After the Lord had shown what wicked shepherds esteem, he also spoke about what they neglect. The defects of the sheep are widespread. There are very few healthy and sound sheep, few that are solidly sustained by the food of truth, and few that enjoy the good pasture God gives them. But the wicked shepherds do not spare such sheep. It is not enough that they neglect those that are ill and weak, those that go stray and are lost. They even try, so far as it is in their power, to kill the strong and healthy. Yet such sheep live; yes, by God’s mercy they live. As for the wicked shepherds themselves, they kill the sheep. ‘How do they kill them?’ you ask. By their wicked lives and by giving bad example. Or was God’s servant, who was high among the members of the chief shepherd, told this in vain: Show yourself as an example of good works toward all men, and, Be an example to the faithful?

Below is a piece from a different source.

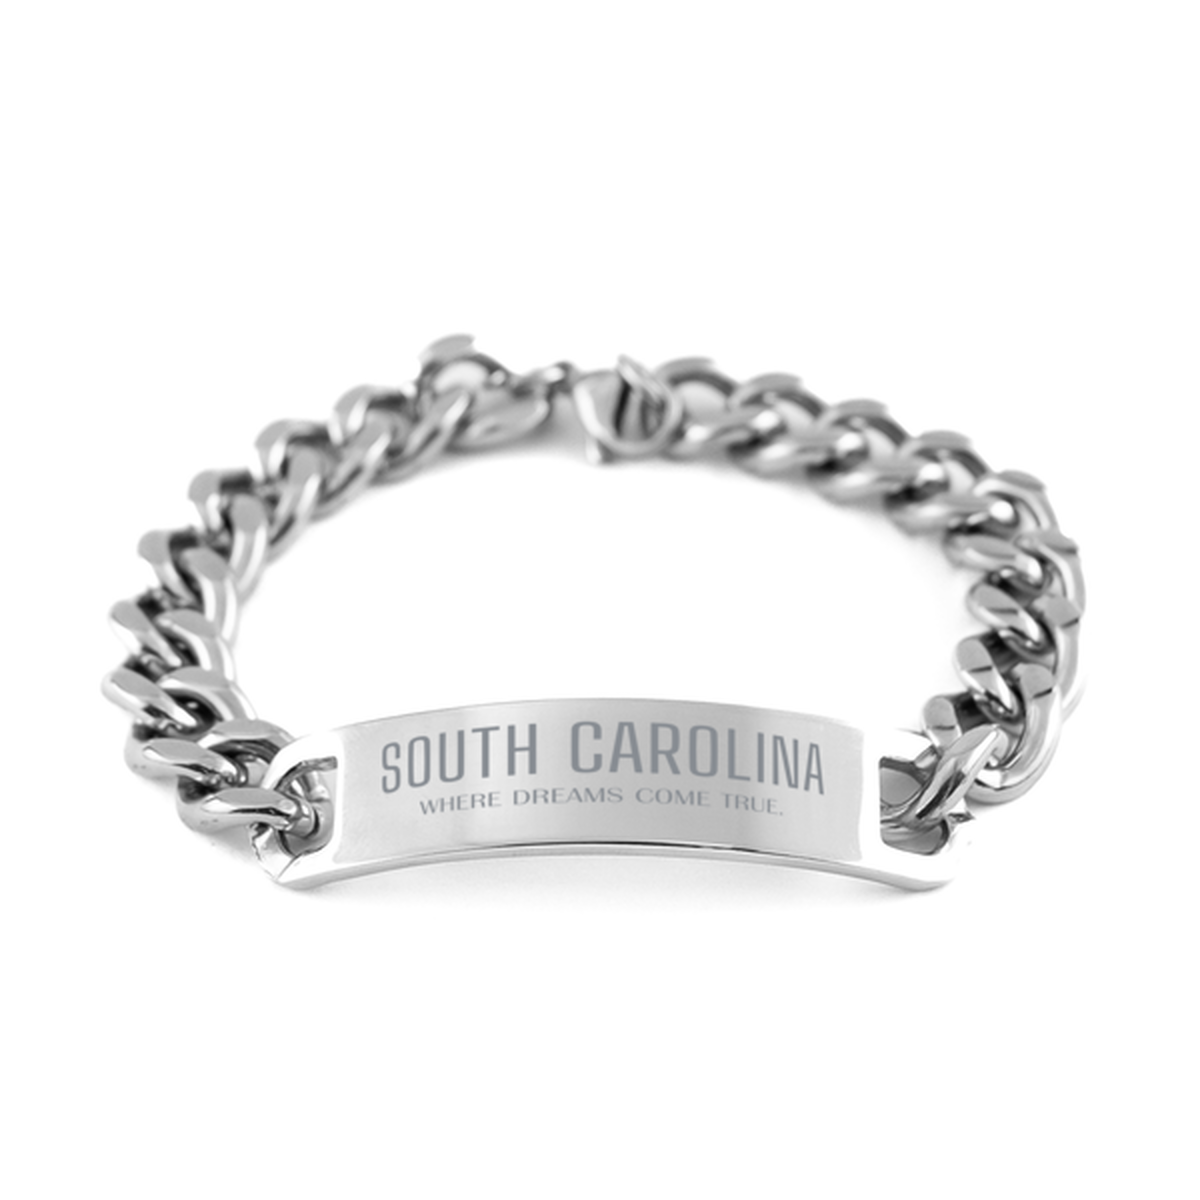 Love South Carolina State Cuban Chain Stainless Steel Bracelet, South Carolina Where dreams come true, Birthday Inspirational Gifts For South Carolina Men, Women, Friends

Even the strong sheep, if he turns his eyes from the Lord’s laws and looks at the man set over him, notices when his shepherd is living wickedly and begins to say in his heart: ‘If my pastor lives like that, why should I not live like him?’ The wicked shepherd kills the strong sheep. But if he kills the strong one what does he do to the rest? After all, by his wicked life he kills even the sheep he had not strengthened but had found strong and hardy.

I appeal to your love, and again I say, even if the sheep have life and if they are strong in the word of the Lord, and if they hold fast to what they have heard from their Lord, Do what they say but not what they do. Still, as far as he himself is concerned, the shepherd who lives a wicked life before the people kills the sheep under his care. Let such a shepherd not deceive himself because the sheep is not dead, for though it still lives, he is a murderer – just as when the lustful man looks on a woman with desire, even though she is chaste, he has committed adultery. For the Lord said in plain truth: Whoever has looked upon a woman with desire has already committed adultery with her in his heart. He has not entered her bedroom, yet he has ravished her within the bedroom of his heart.

Christian Prayer With Jesus Christ

O Lord,
you call your people to holiness of life
and entrust shepherds with the care of your flock.
Preserve your Church from harm caused by bad example.
Grant that pastors may live lives of integrity and truth,
and that the faithful may look always to you,
the chief Shepherd, for guidance and strength.
Through Christ our Lord.
Amen.

Glossary Of Christian Terms

Shepherds – Pastors and leaders of the Church, entrusted with teaching and guiding the faithful.

Sheep – Symbol of the faithful, the people of God, who depend on Christ the Shepherd and on the care of their pastors.

Sound sheep – Believers firmly rooted in the truth of the Gospel, less easily shaken by bad leadership.

Example – Augustine emphasises that pastors teach not only by doctrine but by their way of life.

Murderer – A metaphor Augustine uses for pastors who corrupt others by their behaviour, causing spiritual harm.

Sermon on the Mount – Teaching of Jesus in Matthew 5–7, where he deepens the moral law, including the teaching that lust in the heart is already adultery (Matthew 5:28).

‘Do what they say but not what they do’ – Jesus’ words in Matthew 23:3, distinguishing the authority of God’s law from the failings of its interpreters.